• _Exercise requirements_: Please restate every line below exactly, without any pictures.

• _Data below_:
══════

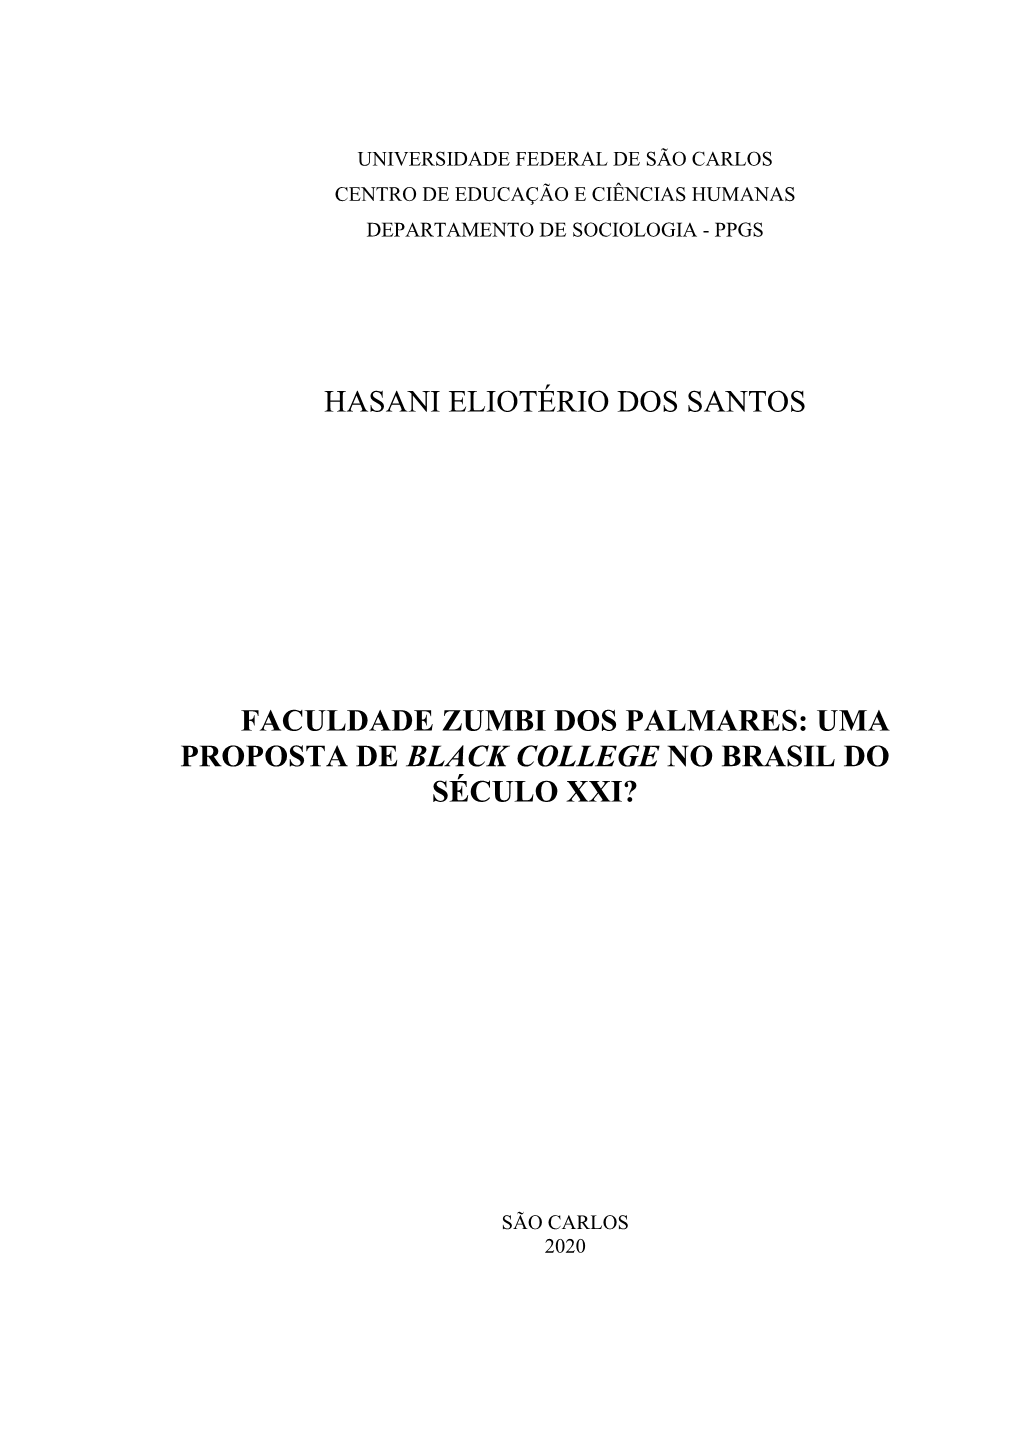 Hasani Eliotério Dos Santos Faculdade Zumbi Dos Palmares
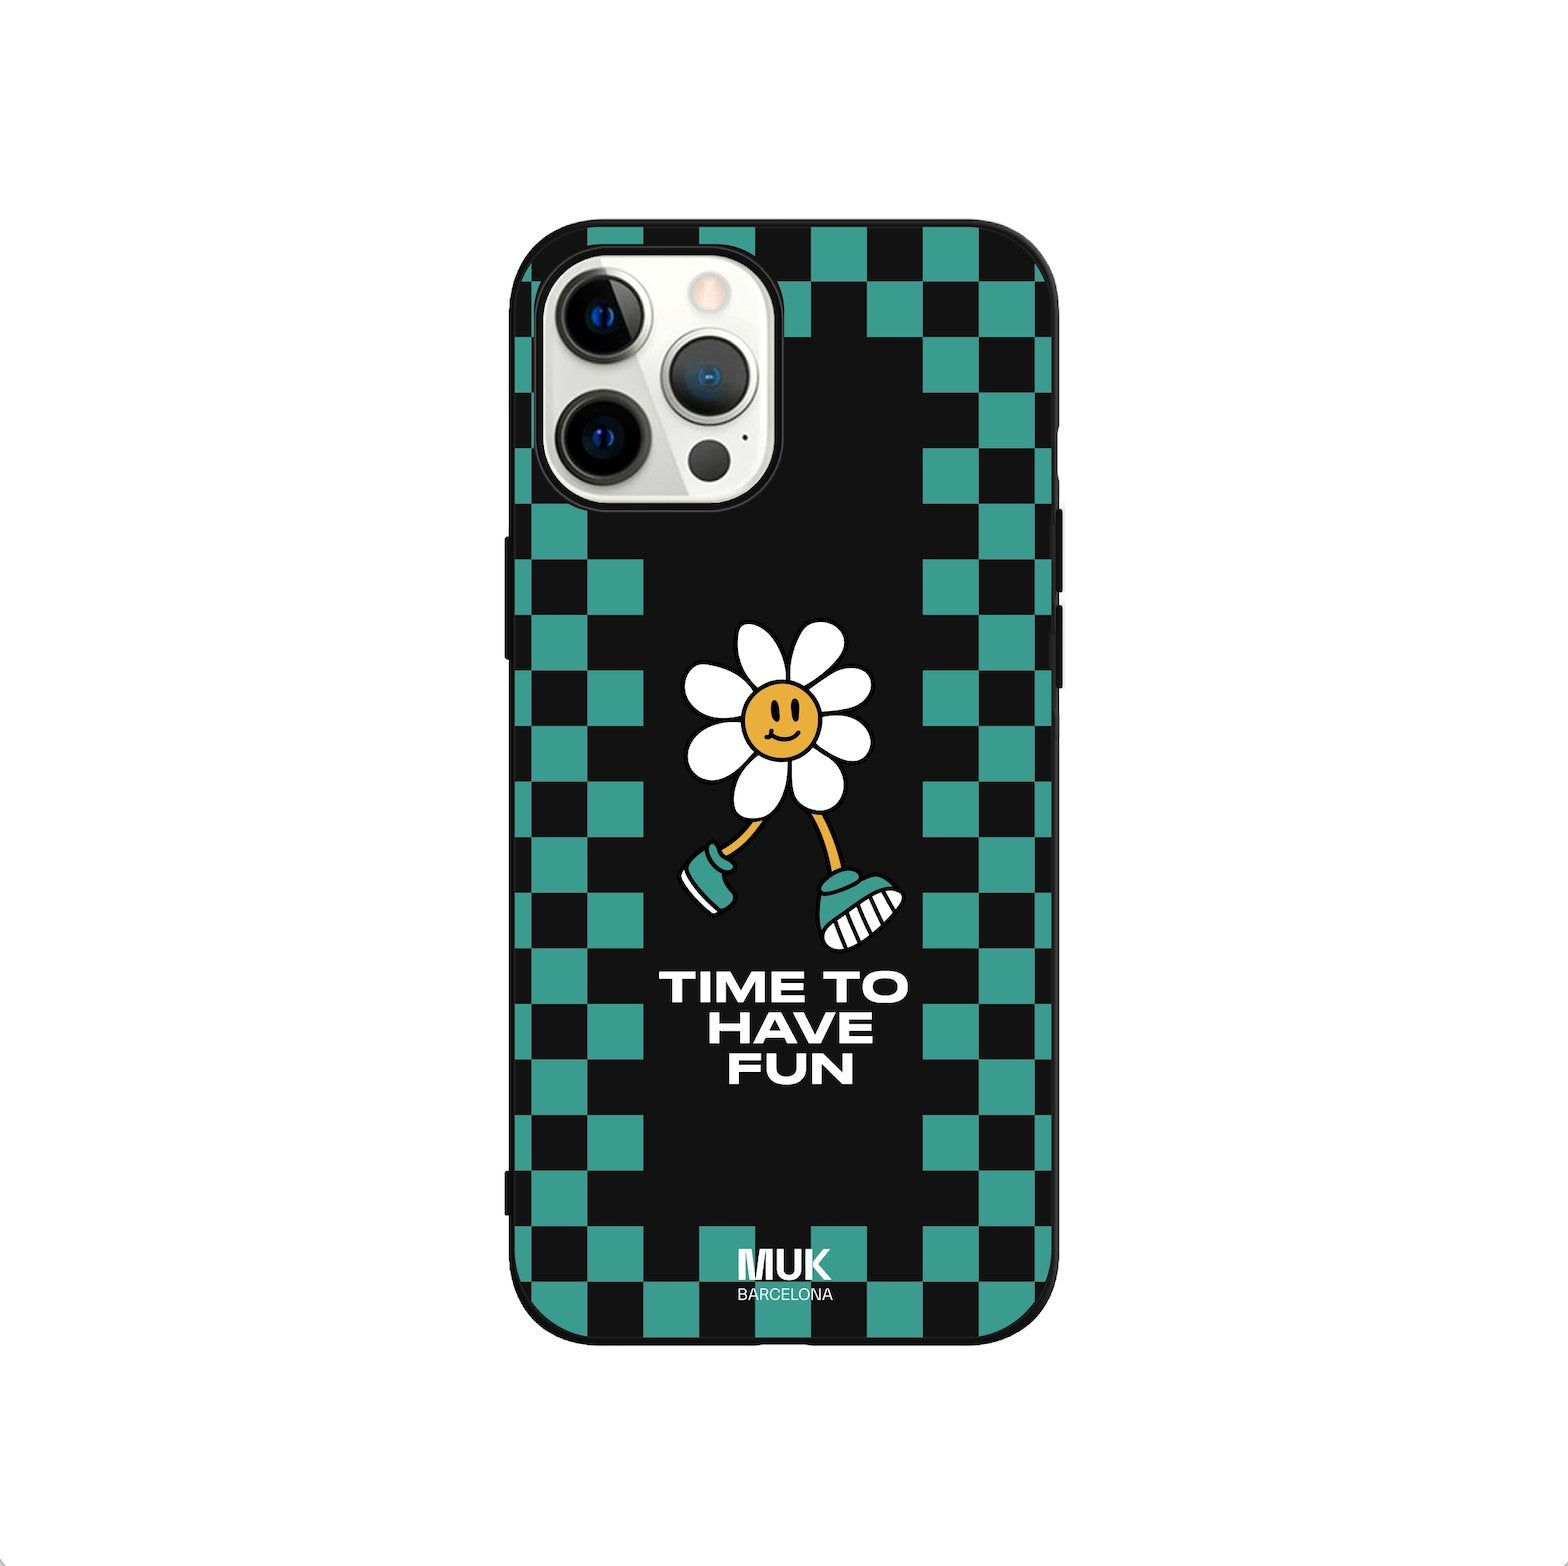 Funda de móvil TPU negra con estampado de cuadros en color lagoon y diseño de margarita y frase "time to have fun" en color blanco.
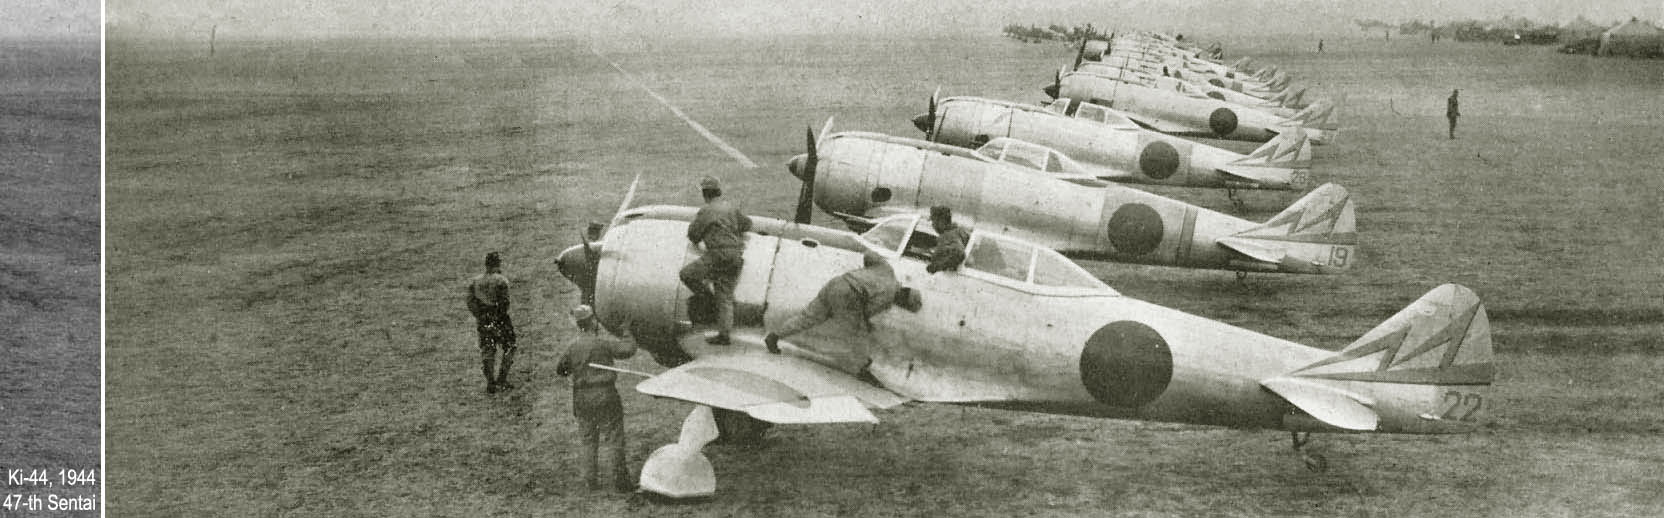 ການນໍາໃຊ້ການຕໍ່ສູ້ຂອງ Nakajima Ki-44 Shōki, ພາກ 2
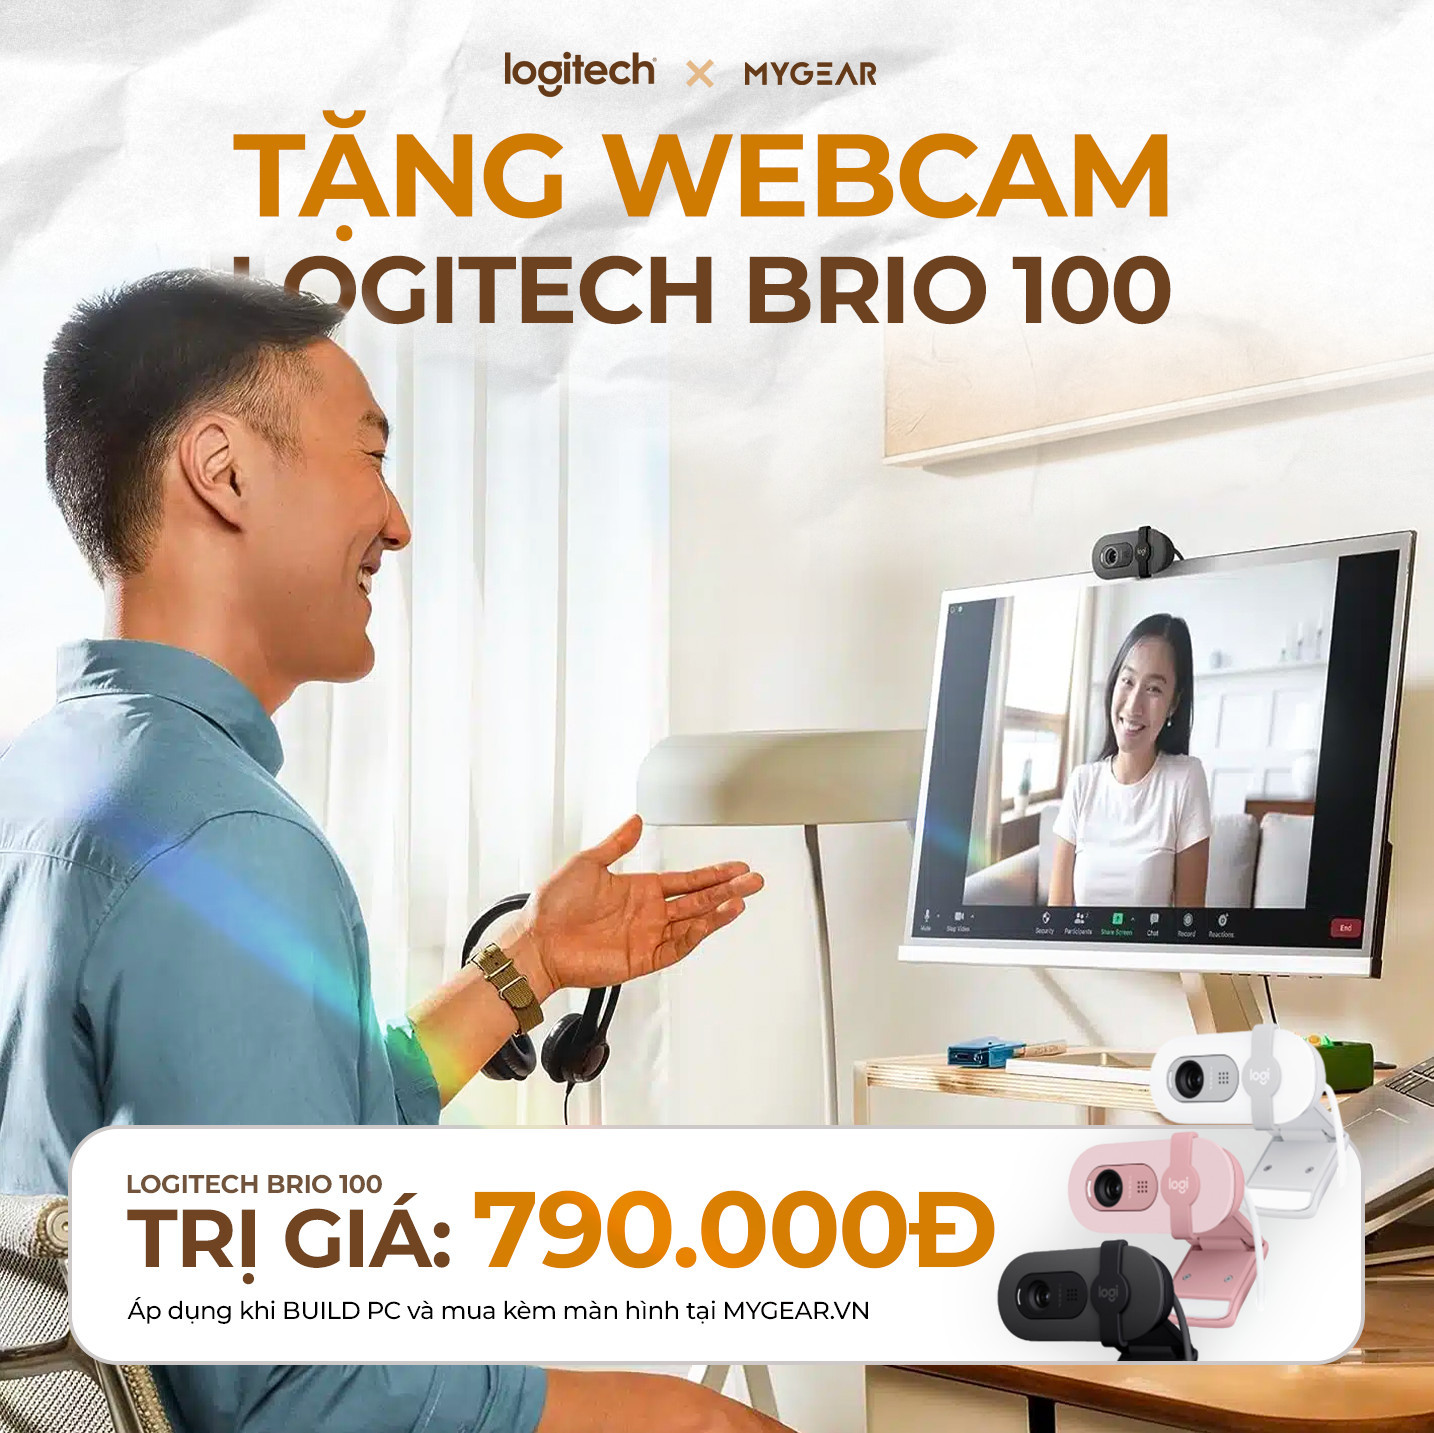 BUILD PC TRÊN 20 TRIỆU - NHẬN NGAY WEBCAM BRIO 100

══════

• _Response area_:
 Hasani Eliotério Dos Santos Faculdade Zumbi Dos Palmares
 Funda de móvil TPU negra con estampado de cuadros en color lagoon y diseño de margarita y frase "time to have fun" en color blanco.
 ການນໍາໃຊ້ການຕໍ່ສູ້ຂອງ Nakajima Ki-44 Shōki, ພາກ 2
 BUILD PC TRÊN 20 TRIỆU - NHẬN NGAY WEBCAM BRIO 100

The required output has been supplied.